Menanggapi hal ini, Perdana Menteri Israel Benyamin Netanyu marah. Ia menolak hasil laporan tersebut dan menyatakan komisi bias terhadap Israel. "Israel tak melakukan kejahatan perang. Israel membela diri melawan organisasi teroris yang menyerukan penghancuran dan melakukan banyak kejahatan perang," kata Netanyahu.
Tekanan Israel ini sempat membuat ketua komisi pertama, seorang profesor hukum asal Kanada, William Schabas mengundurkan diri.

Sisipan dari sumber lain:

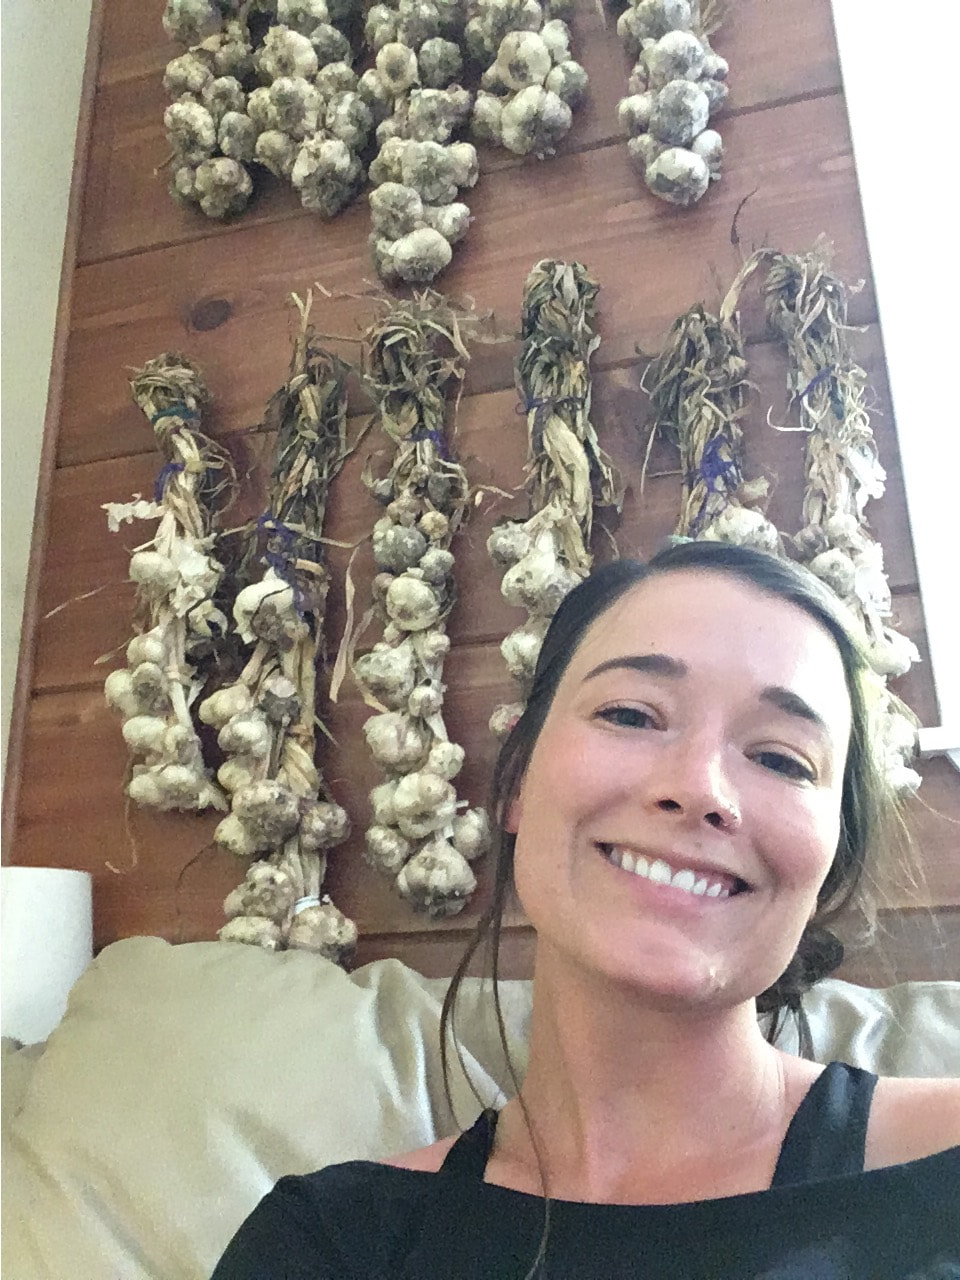 A picture of Ms. Allie at home posing with her garlic harvest.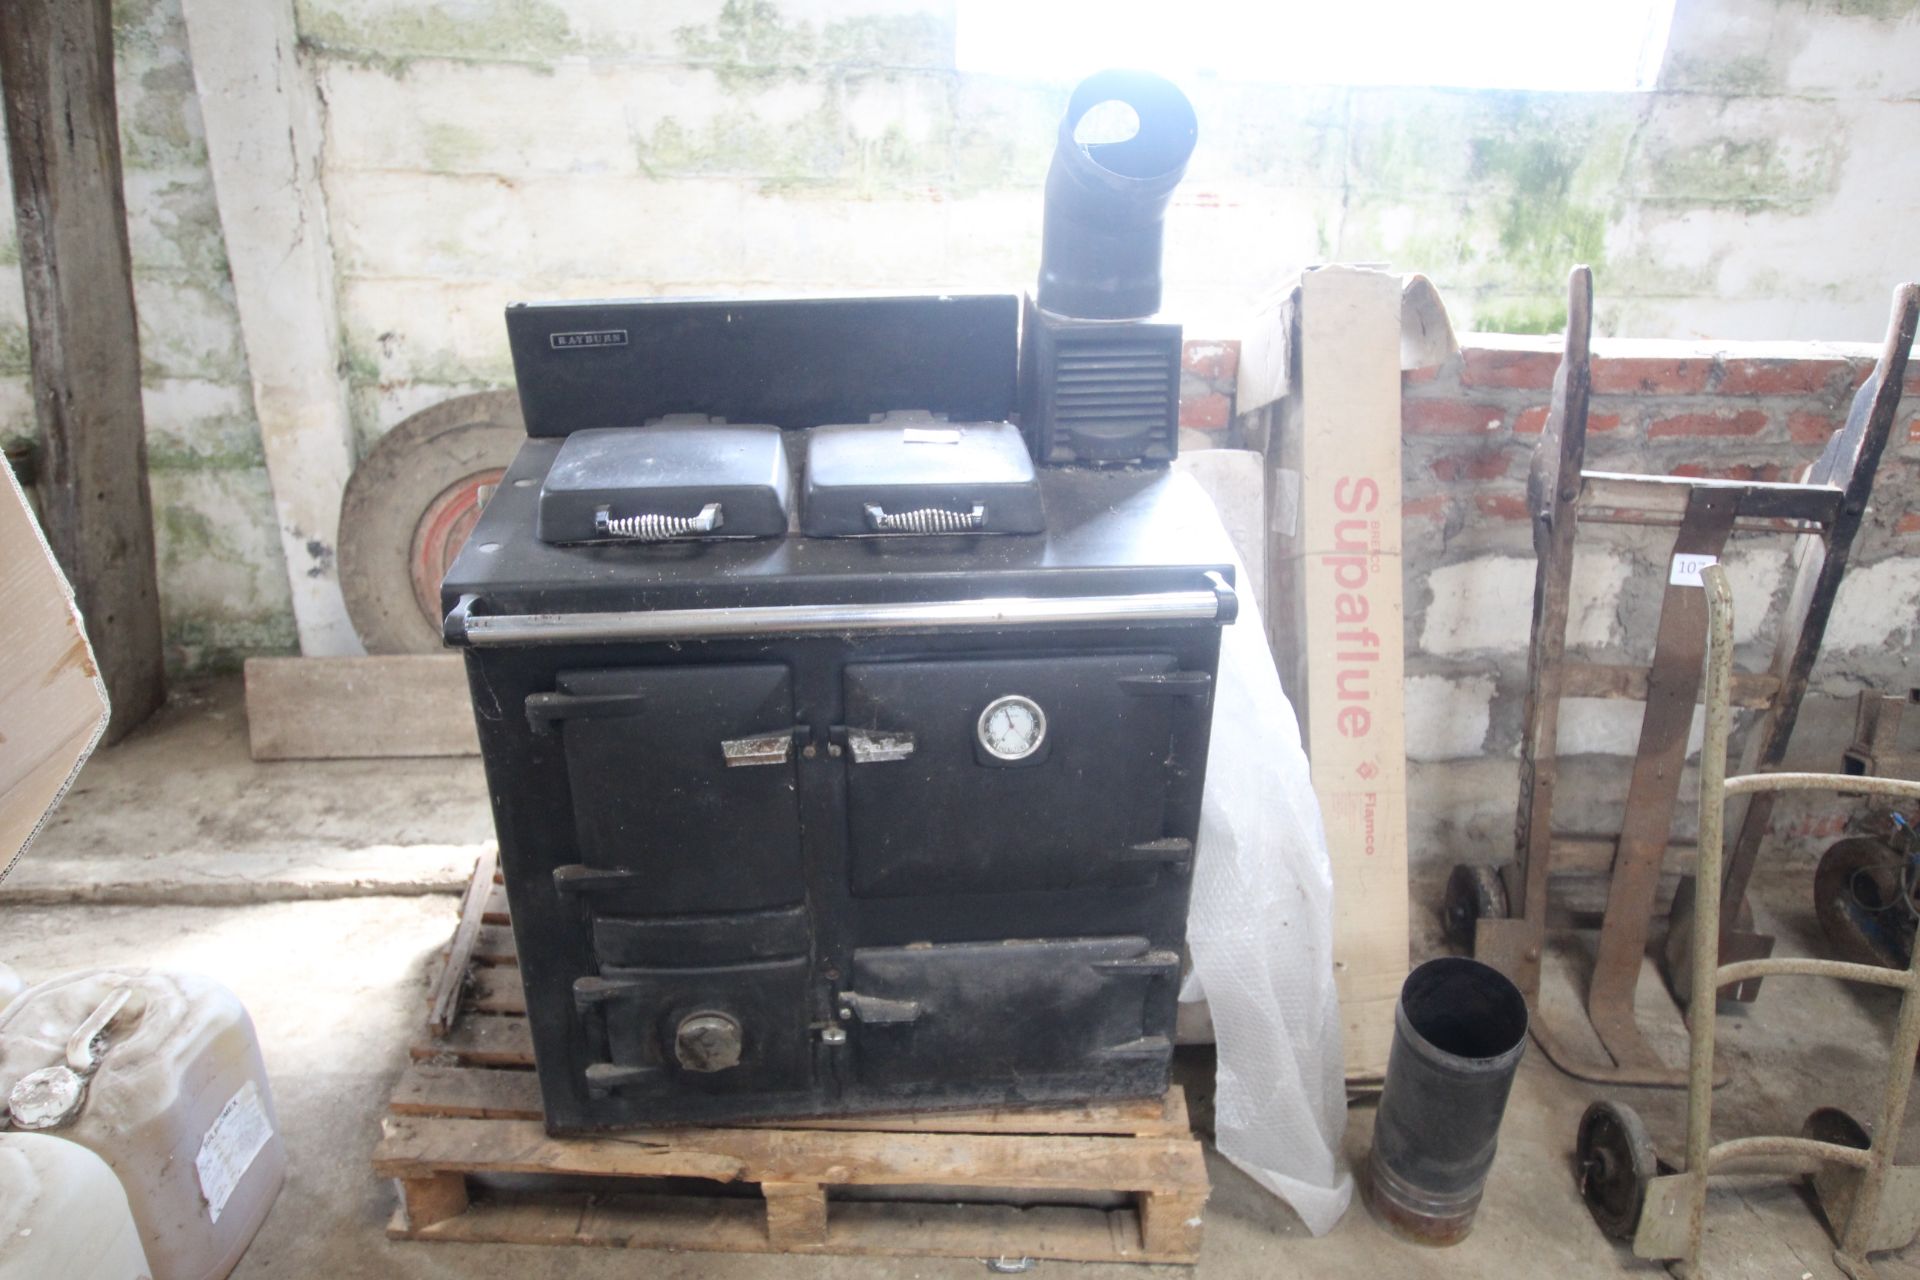 Solid fuel Rayburn and various flue parts.

Ia dituduh melakukan pekerjaan hukum bagi Organisasi Pembebasan Palestina. Netanyau juga menuduh PBB munafik, setelah Sekjen PBB Ban Ki-moon mengecam Israel atas kematian dan penderitaan anak-anak Palestina.
Tak hanya mengecam Israel, laporan komisi juga mengkritik keras kelompok Hamas. Laporan mengatakan, Hamas telah menembakkan 4.881 roket dan 1.753 mortir ke Israel. Serangan itu menewaskan enam warga sipil, termasuk seorang bocah empat tahun yang sedang bermain di rumahnya.
Laporan mengatakan, sifat arah proyektil yang sembarangan dan terencana pada warga sipil dinilai sebagai kejahatan perang. Bukti menunjukkan tujuan utama serangan roket adalah menyebarkan teror di kalangan penduduk sipil.
PBB juga mengkritik penggunaan terowongan seperti menciptakan ketakutan yang gamblang di kota-kota perbatasan Israel. Mencatat Hamas melakukan pembunuhan di luar hukum juga dinilai sebagai kejahatan perang.
Seorang pejabat senior Hamas di Gaza, Ghazi Hamad menolak laporan tersebut. Ia mengatakan laporan menciptakan keseimbangan palsu antara korban dan pembunuh.
Komisi PBB ini dipimpin Davis dan pengacara Senegal serta ahli hak asasi manusia Doudou Diene. Komisi diluncurkan satu tahun lalu atas permintaan Palestina.